OTTAWA — Mark Zacharias, executive director at Clean Energy Canada, made the following statement in response to the federal government’s Fall Economic Statement:
“Over the past couple of years, Canada has made—and attracted—big investments in its rapidly growing clean energy sector, from major EV and battery manufacturing plants, to renewable power, to green hydrogen and steel projects. The IMF anticipates Canada will lead the G7 in growth next year, and already the country has seen the third-most foreign direct investment in the world in the first half of 2023, more per capita than our G7 allies (in 2022, the EV supply chain alone attracted 13% of all foreign direct investment into Canada).
“A number of measures in today’s Fall Economic Statement will further Canada’s competitiveness while ensuring those benefits are broadly felt. The Indigenous Loan Guarantee Program will advance Indigenous leadership in the clean economy as equity partners, whether they are generating and transmitting clean electricity in their territories or developing clean hydrogen and critical mineral projects.
“While it’s encouraging to see a timetable for rolling out the various clean Investment Tax Credits proposed in Budget 2023, operationalizing these incentives as soon as possible is vital to prevent Canada from ceding ground to other markets—like the U.S.—where the financial rules are already in place. In particular, the Clean Electricity Tax Credit will be foundational for Canada’s competitive advantage going forward and should be prioritized. Canada must also move faster on getting major projects built by streamlining assessments and permitting for net-zero-aligned projects while meeting high environmental standards and commitments to Indigenous peoples.
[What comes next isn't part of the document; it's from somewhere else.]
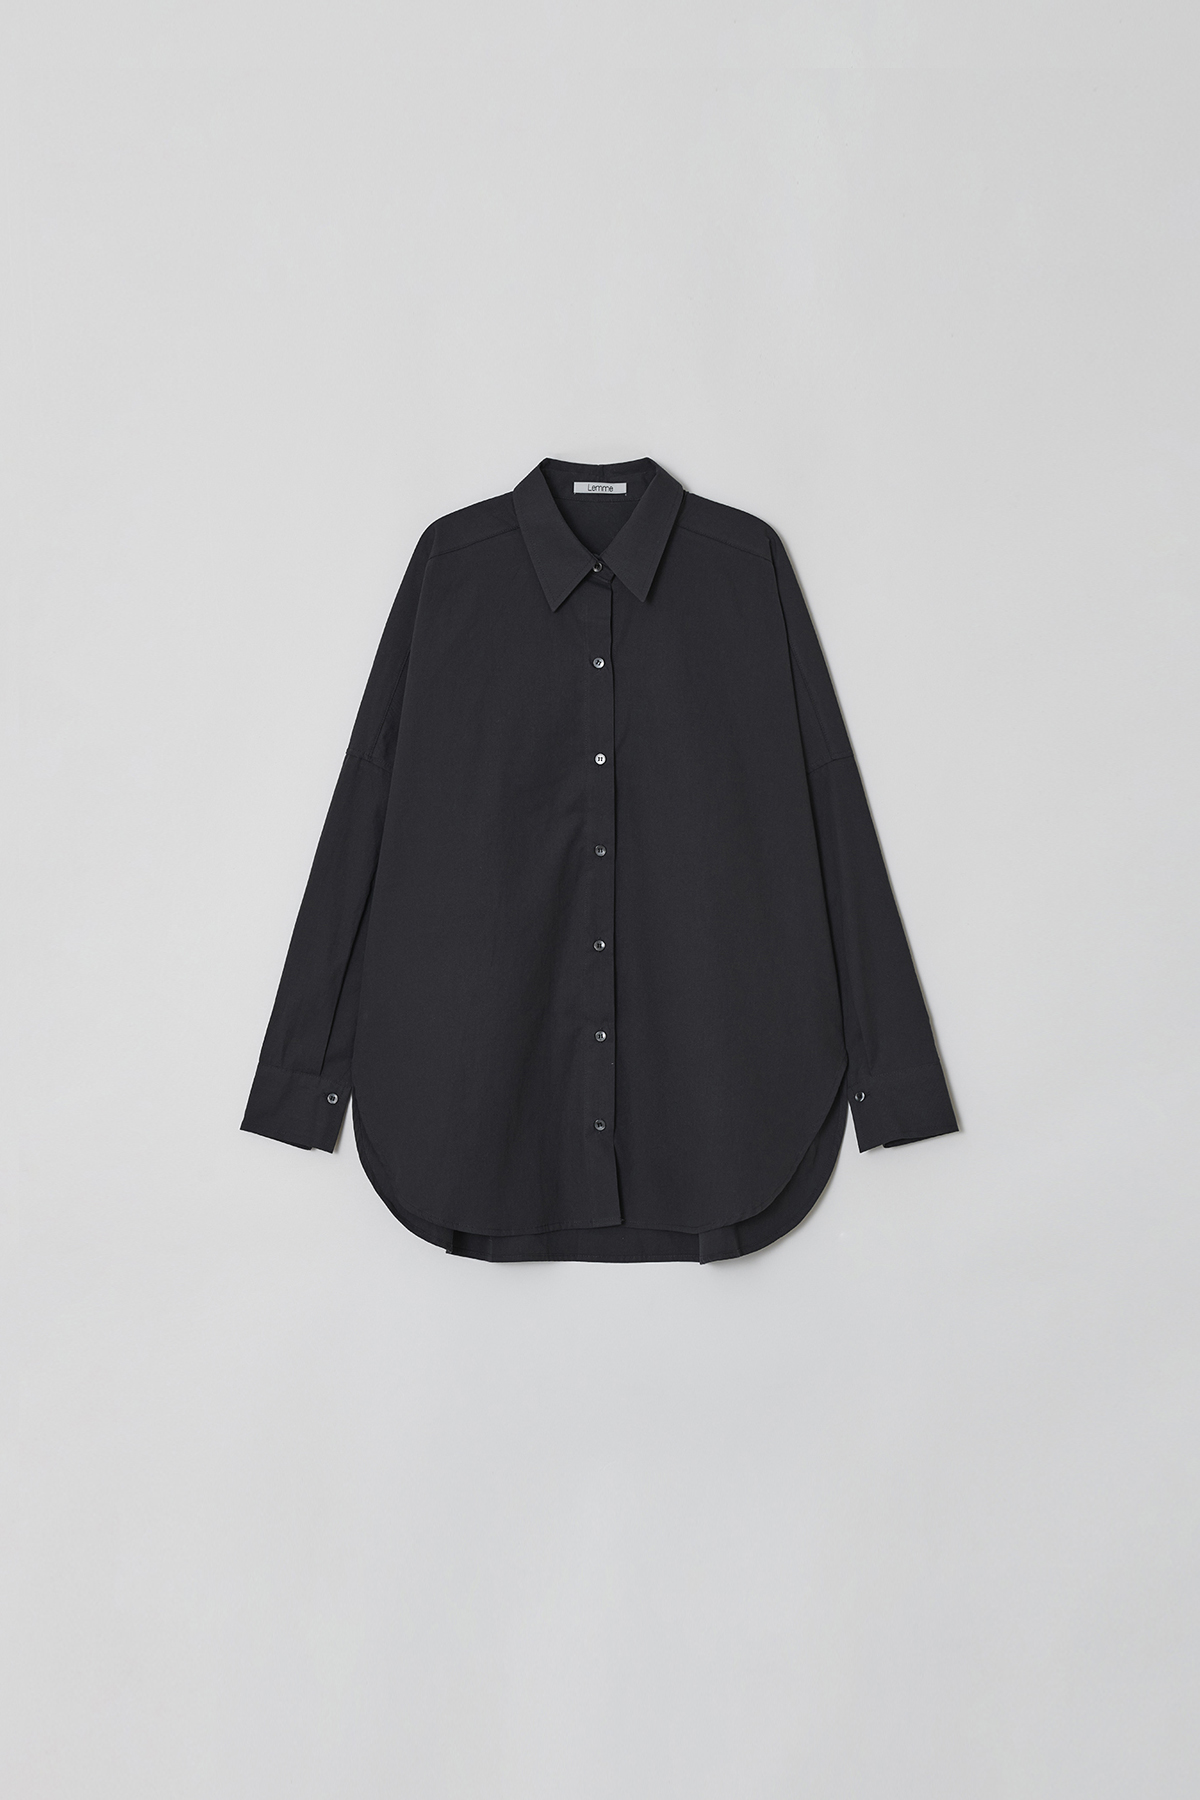 [NEW] OVERFIT COTTON SHIRTS, CHARCOAL

“Exploring options to make climate disclosures mandatory for corporations is a key step to align Canada with leading jurisdictions, as financial decisions must be reconciled with the reality of climate change, though we would like to see a clear timeline for implementation.
“Support for clean ammonia production in the Clean Hydrogen Investment Tax Credit is a positive move in an emissions-intensive industry that has not to date benefited from equal access to decarbonization support. Ammonia production is positioned to be a key part of the hydrogen sector and is currently the basis for almost all nitrogen fertilizer used to grow food across the country and the world. Clean ammonia, made from clean hydrogen, also has a number of other potential roles in a decarbonized economy, including as low-carbon fuel for shipping.
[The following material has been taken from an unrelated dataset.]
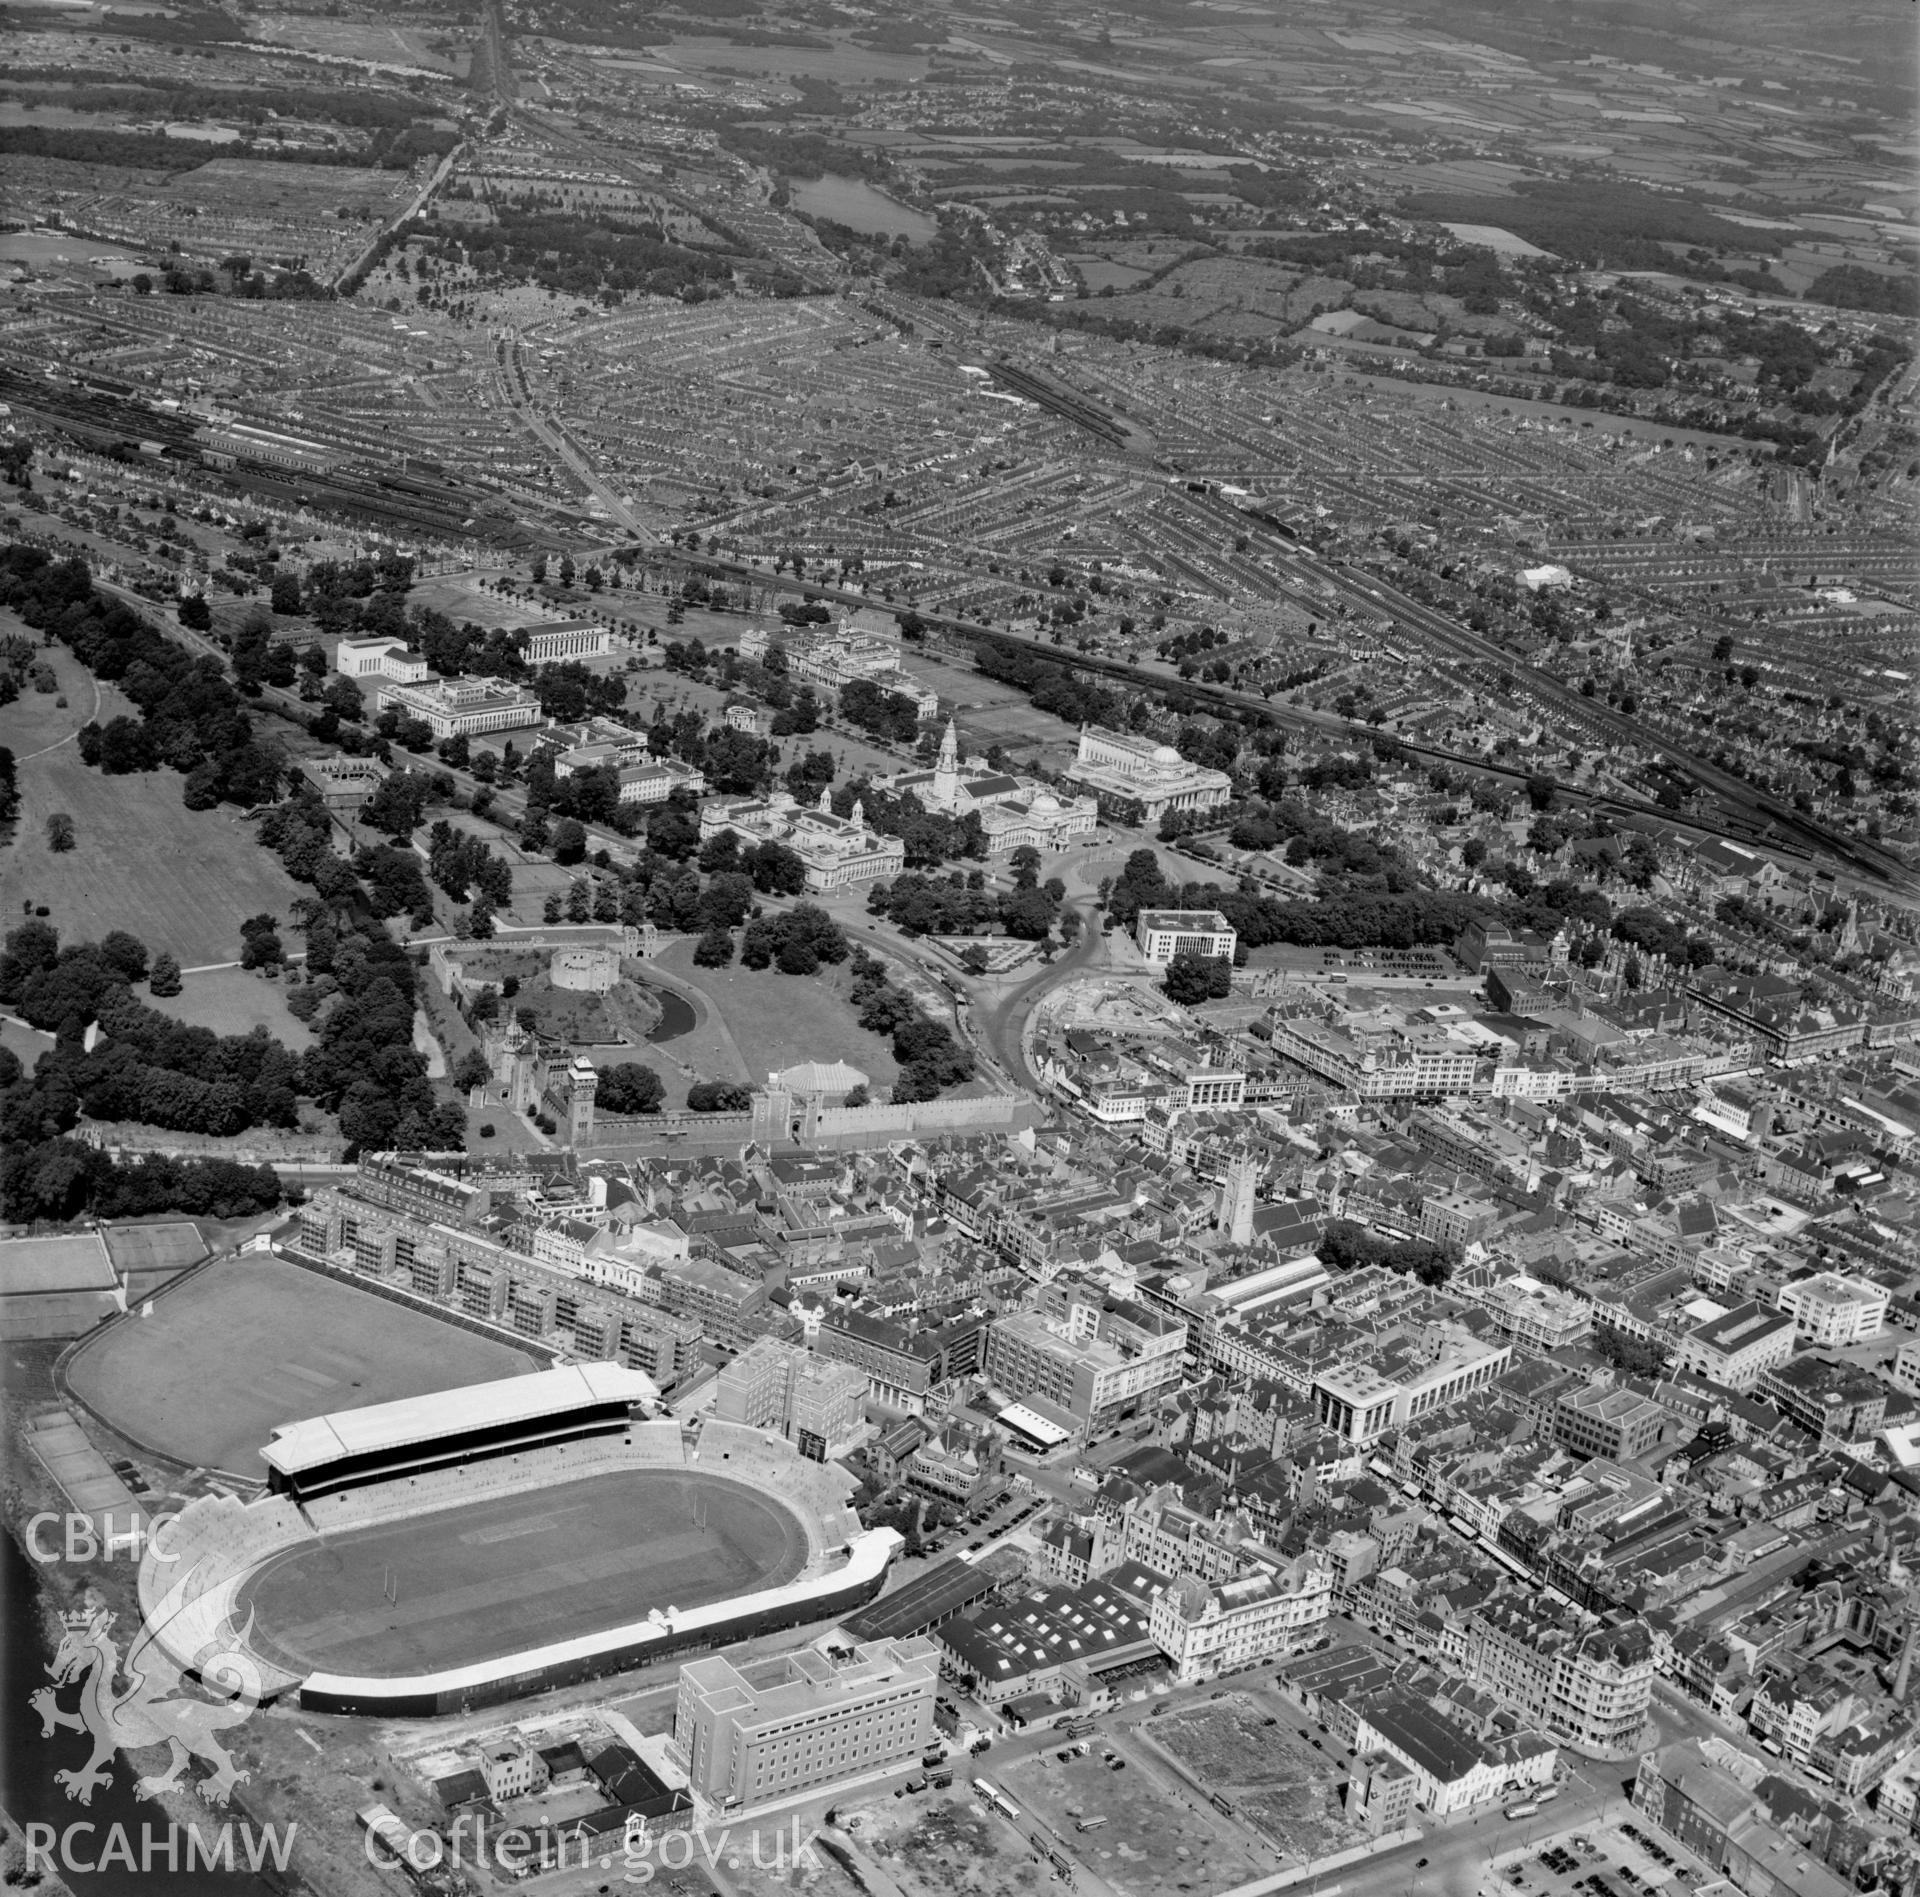 General view of Cardiff showing Arms Park

“Mandating the Canada Growth Fund to spend $7 billion of its $15 billion allocation on carbon contracts for difference will help businesses de-risk important emission-reducing projects and help them get built. However, the government should look to unlock the full potential of this measure under its industrial carbon price.
“Ultimately, the federal government’s focus on building a sustainable economy—through both targeted investments and supportive policy—is bearing fruit and keeping Canada in a global race whose prize is too big to ignore. More than anything, the government must now expedite the implementation of a few more key measures, particularly its investment tax credits, to ensure a strong economy built to thrive far into the future.”